Every yoga class you teach or attend draws a room full of people carrying around various amounts of stress and trauma masquerading as tension in their body. In fact, when we learn to work wisely with trauma, it can reveal our greatest capacity for insight, self-knowledge, courage and compassion.
You may have heard the phrase: “Your issues are in your tissues.”
One of the greatest secrets of yoga is that it unlocks cellular memory in order to integrate unresolved emotional issues. As we stretch, breathe and unwind tension, circulation increases and the underlying energy (prana) flows. Often our constriction and knots encase emotional entanglements, repressed thoughts and blocked energy. As we release physical holding patterns, the emotional distress stored in our bodies naturally rises into our conscious awareness, ready to be seen, released and healed.
The trick is: you can’t heal what you can’t feel. Yoga provides a safe container for feeling all the feels. We practice staying awake, aware and compassionate in the presence of intensity. Learning to soften, allow and let go. When we learn to sit with a difficult feeling (physical or emotional sensation), instead of pushing it away, judging it or needing it to change – we alter our relationship to discomfort. Instead of instinctively reacting, we learn to pause, create space and wisely choose our response. This is emotional freedom.
It’s crucial for yoga teachers to have a basic understanding of trauma to support their students when they get triggered.
Life is tough. Suffering is universal and unfair. Trauma unfolds on a scale from basic, garden-variety to acute/extreme, and can be caused by a wide range of events. Childhood abandonment, neglect, emotional, verbal or physical abuse, serious injury, break-ups, sexual assault and death of a loved one are all examples of more intense traumatic experiences. While a minor car accident, shaming, disappointment at work, fear and loneliness account for more moderate trauma.
Even if we personally have not experienced direct, intense trauma, we may inherit “ancestral karmas” or the residual effects of trauma passed down from generation to generation. For example, if parents carry unresolved emotions from around an acute trauma (ex: genocide survivors, abuse, addiction, neglect), it is common for their children to display some effects. This might manifest as low-level depression or anxiety whose source cannot quite be placed.
Acknowledging the complex emotional history of your students and recognizing the signs of when they are being triggered are fundamental responsibilities in your role as yoga teacher.
Common Symptoms of Unresolved Trauma:
A trigger is any event that evokes the original feeling (or even memory) of a past trauma. When we’re triggered, our emotional response can mimic the intensity of the original injury. This may manifest as a flashback memory, emotional outbursts, defensive armoring, disproportionate responses (intensity of emotional response does not match the current situation) and any of the stress/startle responses (fight, flight, or freeze).
The more you know and “own” your triggers, the greater capacity you have to meet and “hold space” for your students. Shine the light on your own past trauma and triggers through mindfulness, self-reflection, compassion, psychotherapy, and of course, your personal yoga/meditation practice. Seek counsel, support and guidance from peers, teachers and mentors. Most of all, be kind to yourself. Forgive. Be gentle, understanding and loving.

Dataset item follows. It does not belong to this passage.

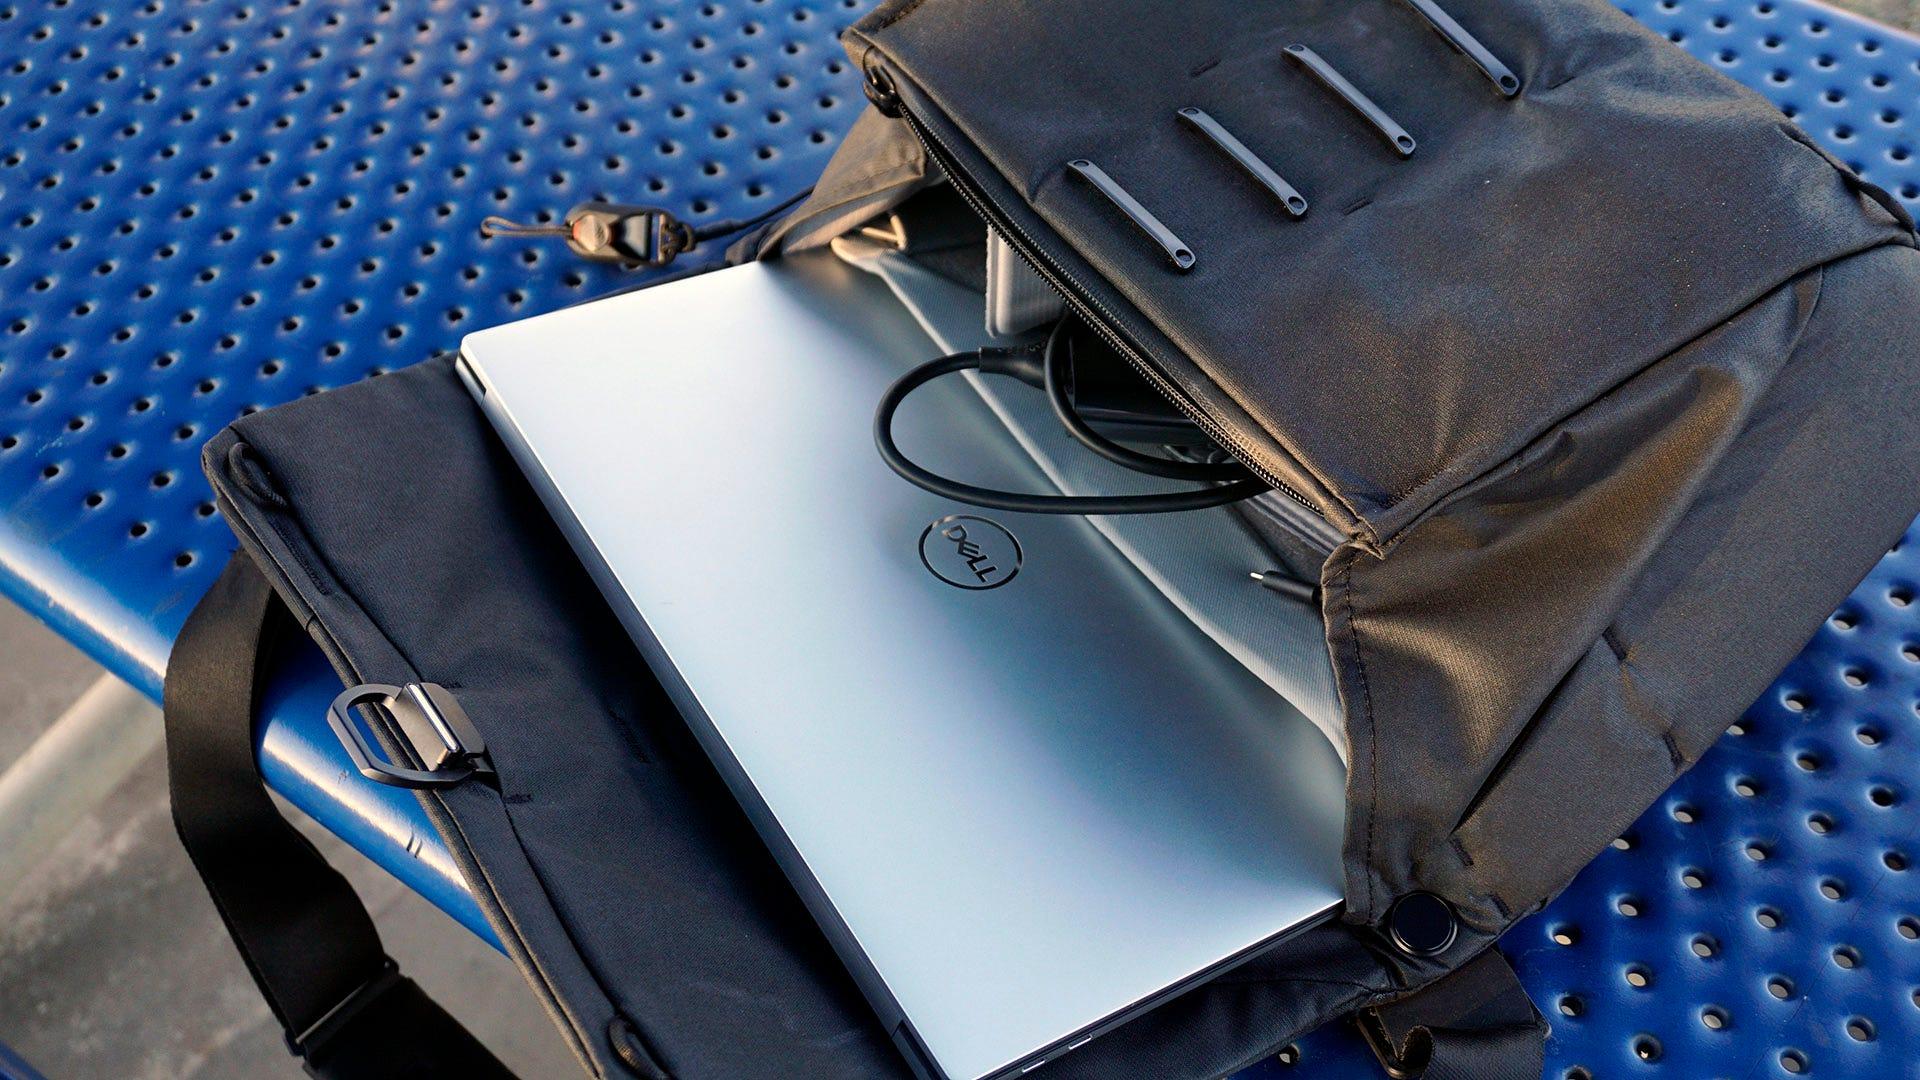 XPS 15 in laptop bag

Identify The Trigger Button
We can only take others as far as we ourselves have gone. When we study our triggers and traumas we gain an even deeper understanding of humanity and growth. Bring to mind the last time you were activated, with as much specificity as possible.
What was the last thing that happened or was said when the negative emotion hit?
The next time you notice yourself getting triggered try these 4 simple steps:
Simply allow things to be as they are. Seek clarity on the specific situation or statement that upset you. Notice specifics of how the emotional response is affecting your body. Can you neutrally name any sensations.
Specify Your Emotion
Reflect on your episodes and ask yourself which emotion came through the strongest or “held the most charge.” Anger? Sadness? Fear? Rejection/insecurity? Be willing to look a little deeper, one layer underneath the strongest feeling, for what is really wanting to be expressed.
For example, anger often masks hurt. Practice going to the most vulnerable, tender truth. What are you really feeling? Underneath of that? And, underneath of that? What are you really afraid of? Write it down. Or consider verbalizing it to a trusted source. Simply naming the emotion or edginess helps move the energy up and out of your body. It releases the emotion/energy into a space to live and breathe outside of you.
Remember: You are not your emotions. Just because you feel something, doesn’t mean it’s true. Lead by example. Once you live it, you can offer these practical tools to your students. Help them cultivate neutrality.
Search Your Personal History
When you experience an intense trigger, often you’ll find a backlog of emotional history behind it. Reflect on your personal history, even back to childhood, looking for resonant events that may have inspired your current trigger. Without judgement, start to piece together how present events mirror difficulties in your past, so you are better able to face them in the future.
Ask: Where have I felt this before? When else in my life have I felt this way? Around whom? Why?
Stay patient and compassionate. Become an archeologist, gently sifting through the dust of your memory with a curious, beginner’s mind just noticing what you find. As you become more proficient, you can teach your students the same.
Yoga practice is an incredibly powerful tool for healing trauma. A common pattern for trauma survivors is disembodiment — a coping mechanism characterized by dissociating from one’s physical body to avoid directly experiencing a traumatic event.
As soon as we feel discomfort, the bodies natural response is to clench and constrict. Instinctively, we turn away. Shut down. Resist. Yoga provides a safe and active process for guiding consciousness back to the physical body to fully feel, allow and release.
INHALE = Receive. Simply allow things (or people) to be as they are.
EXHALE = Release. Let go. Unwind. Soften the whole body, heart and mind.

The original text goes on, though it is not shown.